NHRA Motorsports Museum releases historical videos

(December 5, 2021) Museums aren't just places to store old stuff, they're places to tell the stories that mean something to us using that old stuff as a medium. The staff at the Wally Parks NHRA Motorsports Museum knows this all too well. A video series that curator Greg Sharp and racer Jack Beckman put together earlier this year tell fascinating stories of drag racing and hot rodding history.

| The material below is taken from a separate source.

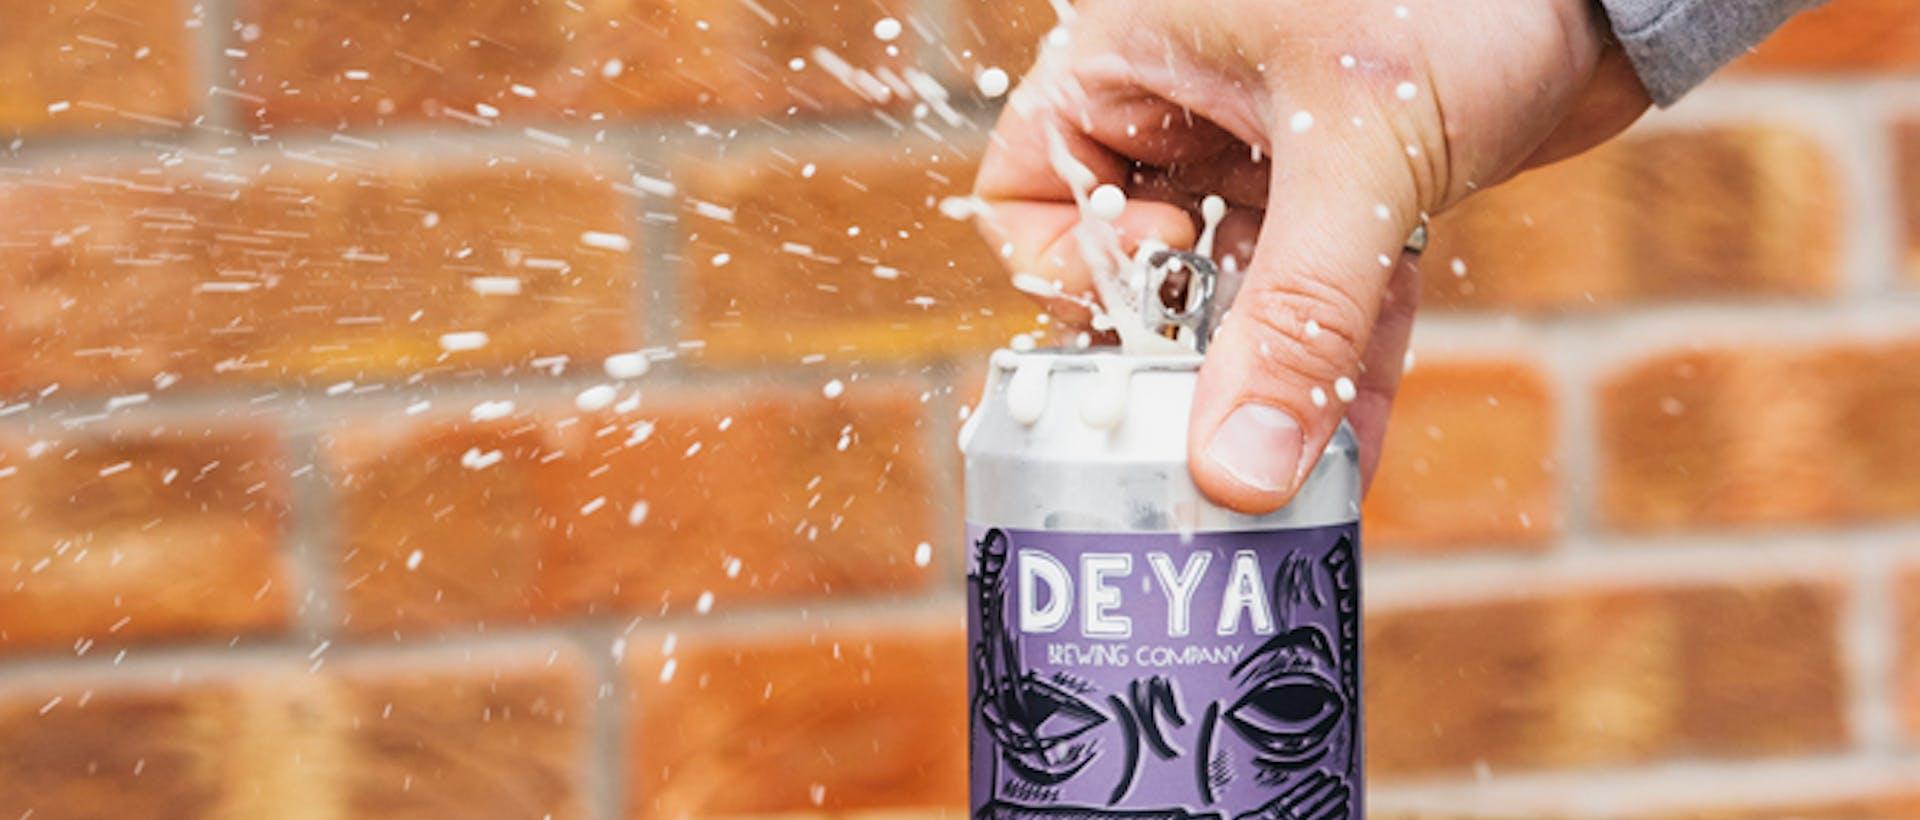 Deya-121
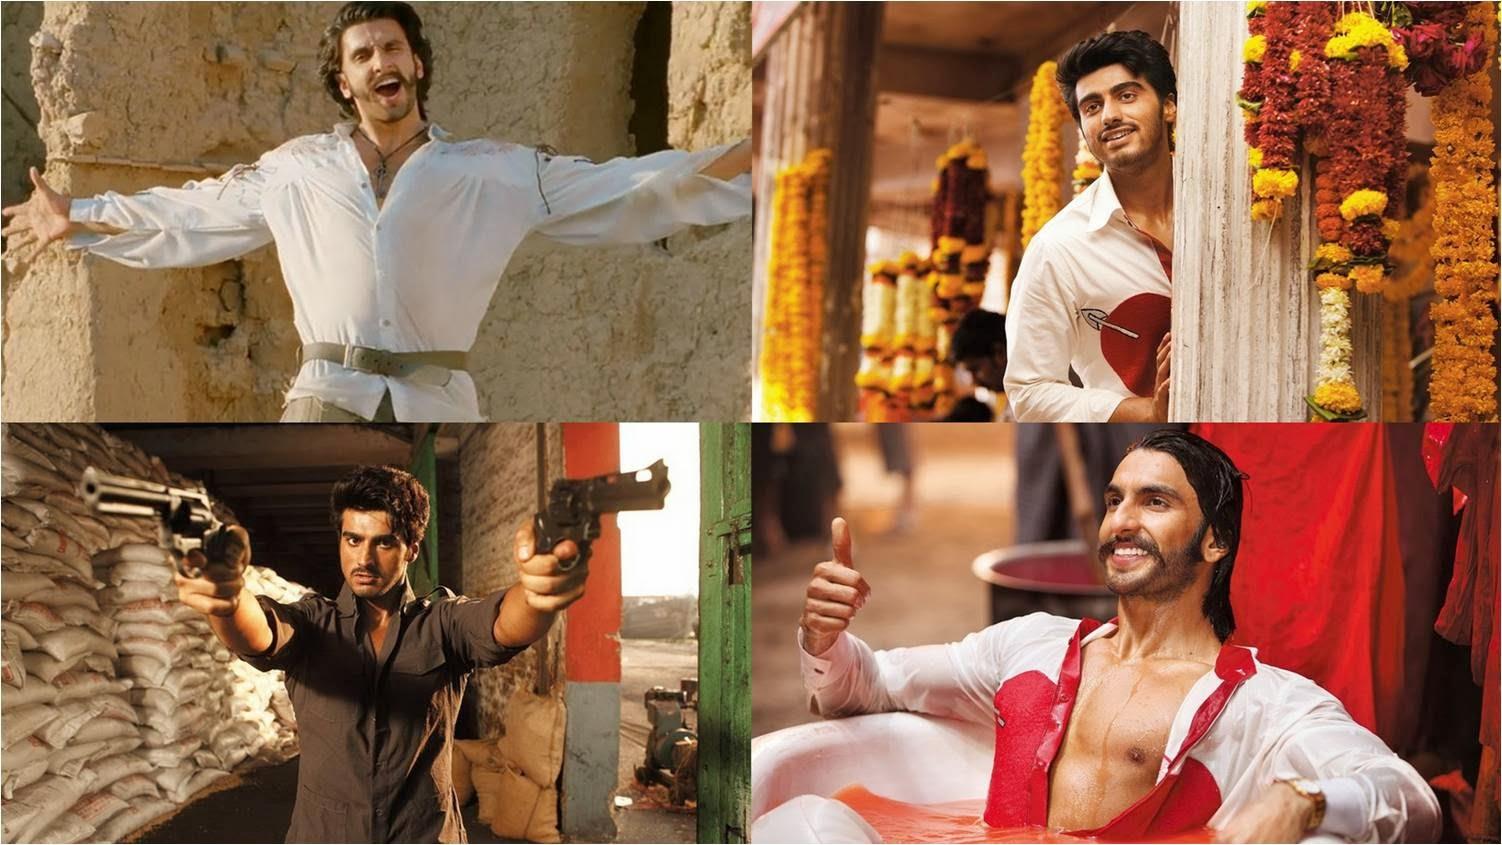 Ranveer Singh and Arjun Kapoor in Gunday movie

The videos in the series spotlight cars in the museum's collection — influential and significant vehicles that went on to become legends in the hot-rodding-derived sports of drag racing and land-speed racing - but they also examine the people who made those cars great, people like Jim Nelson and Dode Martin of Dragmasters, Tom Woods and Fred Stone and all the others involved in the Stone Woods and Cook team, CJ "Pappy" Hart, and Art and Lloyd Chrisman.

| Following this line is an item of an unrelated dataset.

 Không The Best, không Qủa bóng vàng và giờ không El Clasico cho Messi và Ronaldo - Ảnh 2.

It's not just Greg and Jack talking beside cars, either; the archive footage that punctuates each video brings each of these pioneers up off the page and endows them with vibrancy and immediacy. The videos are short, but taken as a whole, they're a great look at the history of hot rodding.

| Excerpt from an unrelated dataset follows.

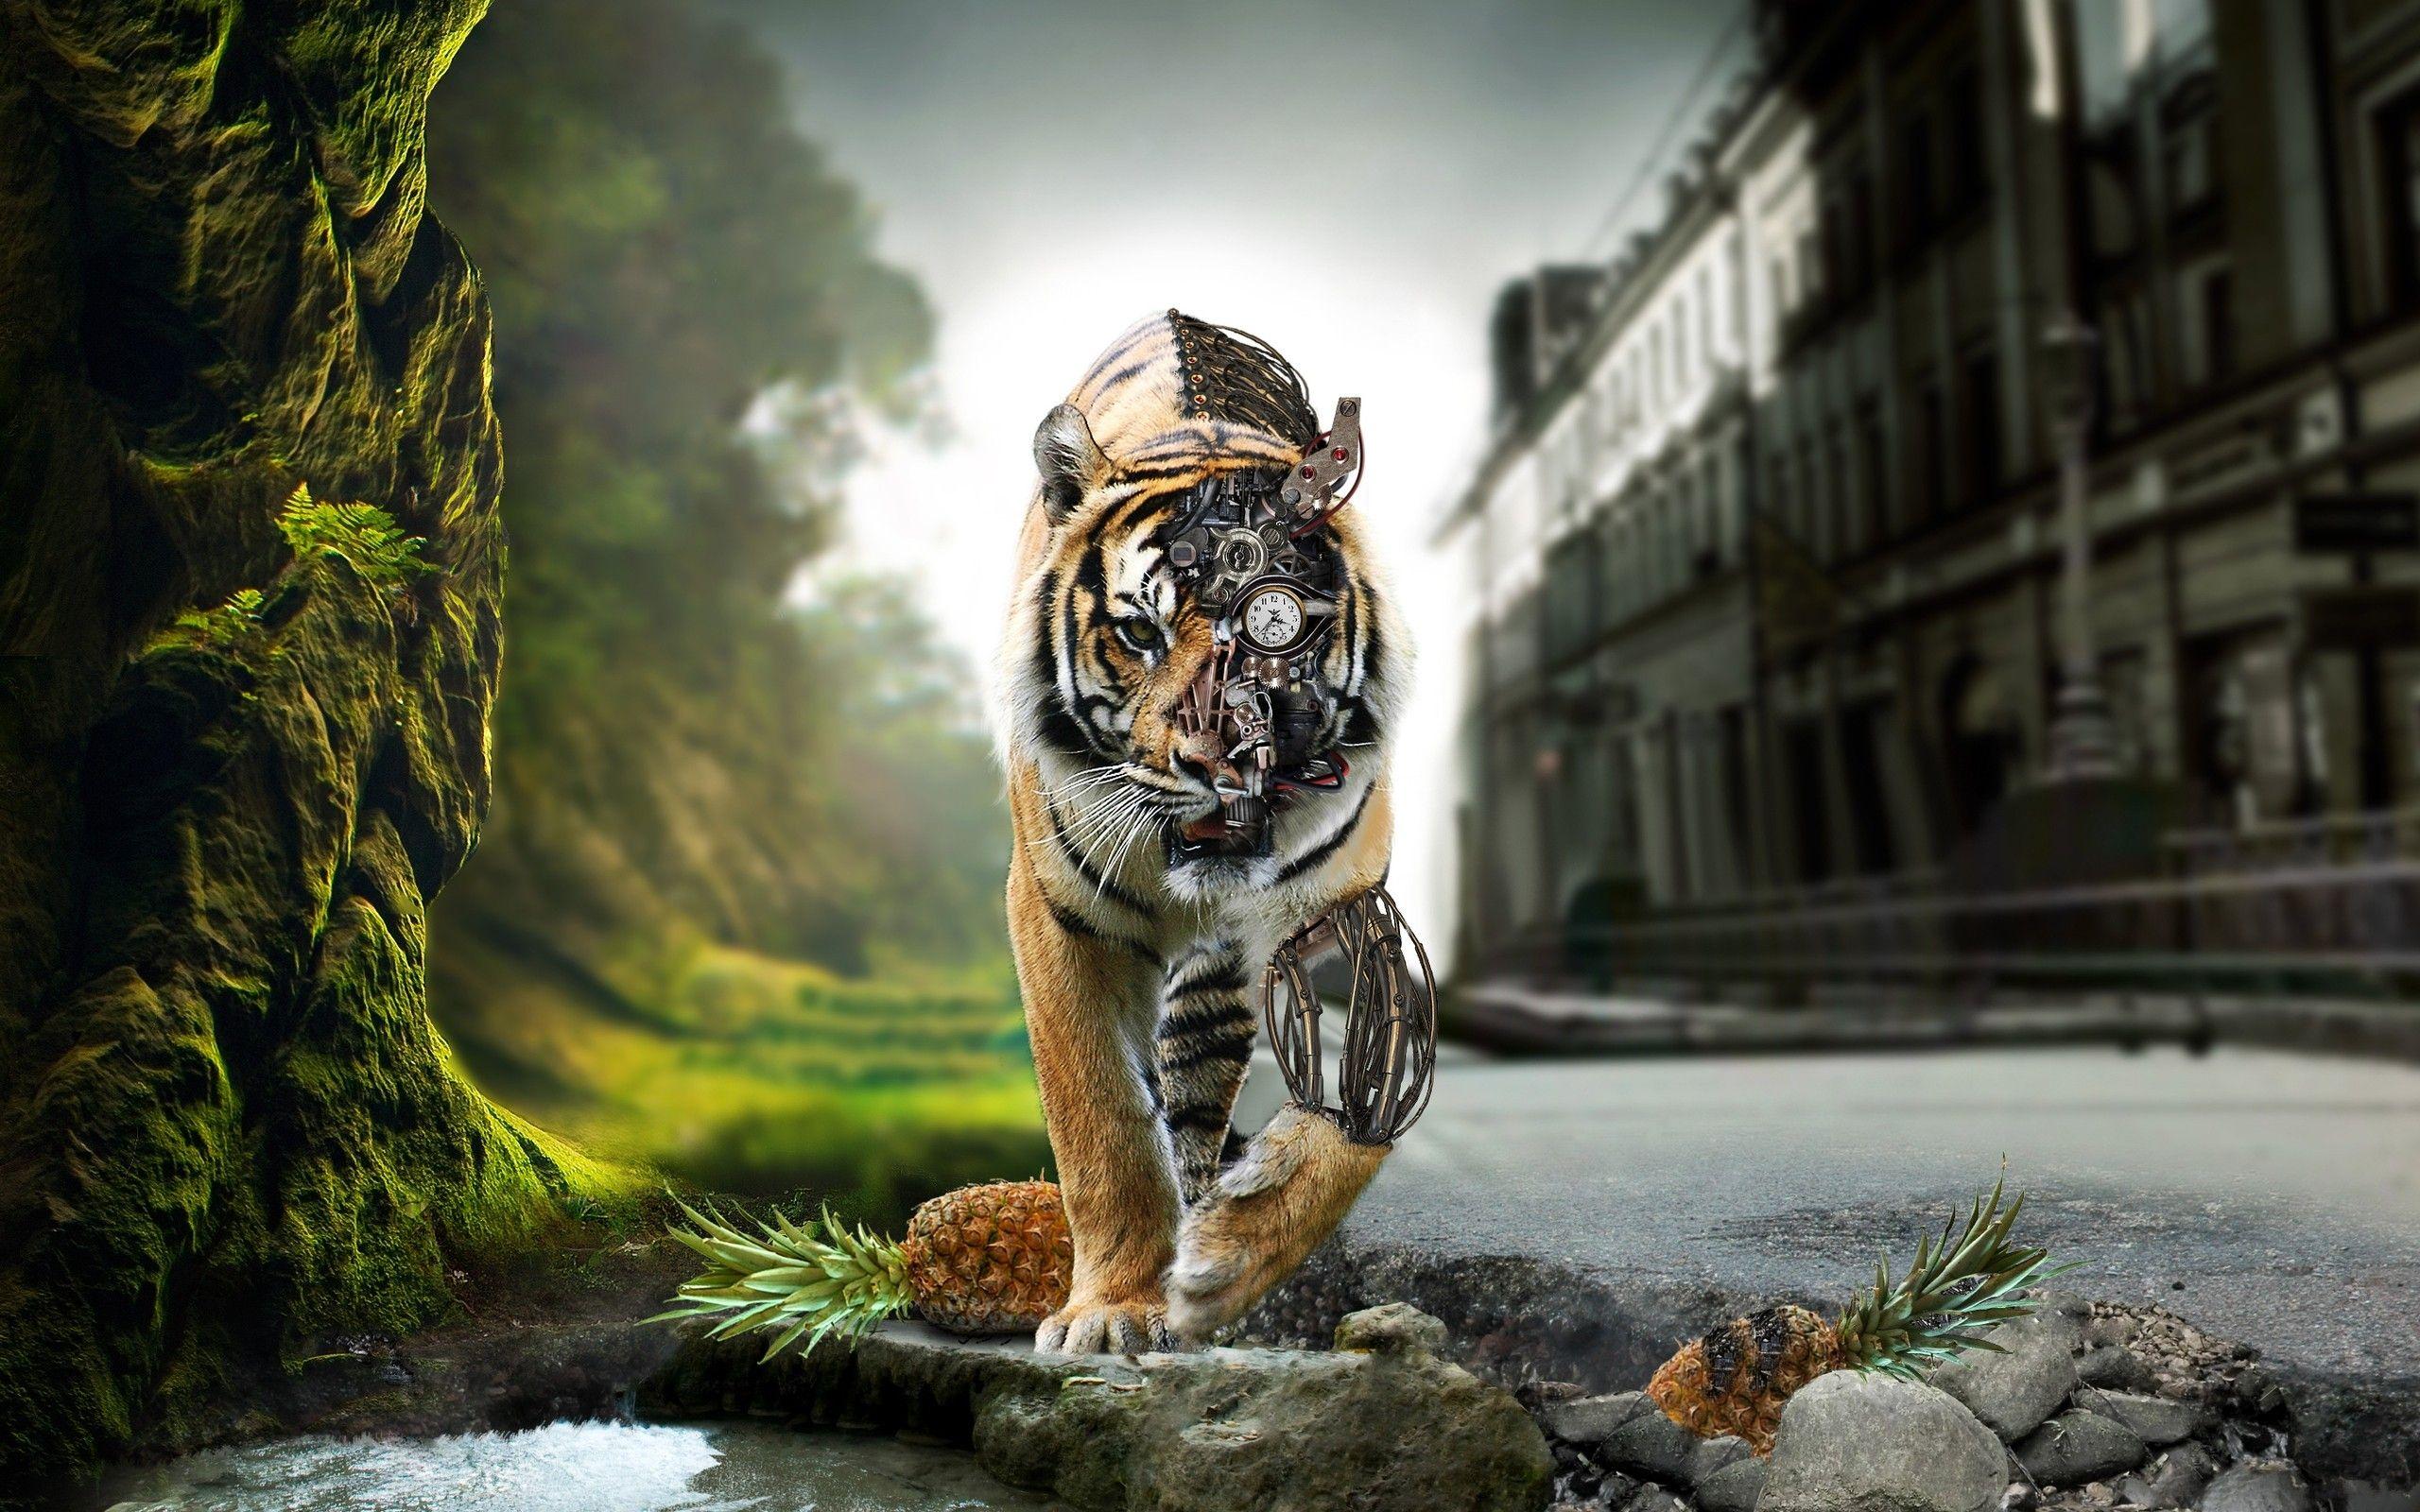 tiger photo tiger photo

We have included a couple of the videos from the extensve series.

The Wally Parks NHRA Motorsports Museum is located at 1101 W. McKinley Ave., Pomona, Calif. Operating hours are Wednesday through Sunday from 10 a.m. to 5 p.m.

The museum was created by a group of long-time NHRA staff members led by founder Wally Parks, for whom the museum was renamed on his 90th birthday. The Automobile Club of Southern California stepped in as the presenting sponsor of the museum. Steve Gibbs, now a retired vice-president of NHRA, led the team that reconditioned a WPA-constructed 28,500-square-foot  building on the grounds of the Fairplex to house the museum, which opened to the public in 1998.

Among the exhibits are one of A. J. Foyt's Coyote Indy Cars, Kenny Bernstein's first dragster to reach speeds in excess of 300 mph, the Bob McClung helmet and photo collection, a collection of Indianapolis 500 credentials and artifacts from early events in the history of land speed records and hot rods. Temporary exhibits have also been created to honor participants in hot rodding including Vic Edelbrock, Don Prudhomme, the 1932 Ford, Track Roadsters, Parnelli Jones, and the So-Cal Speed Shop.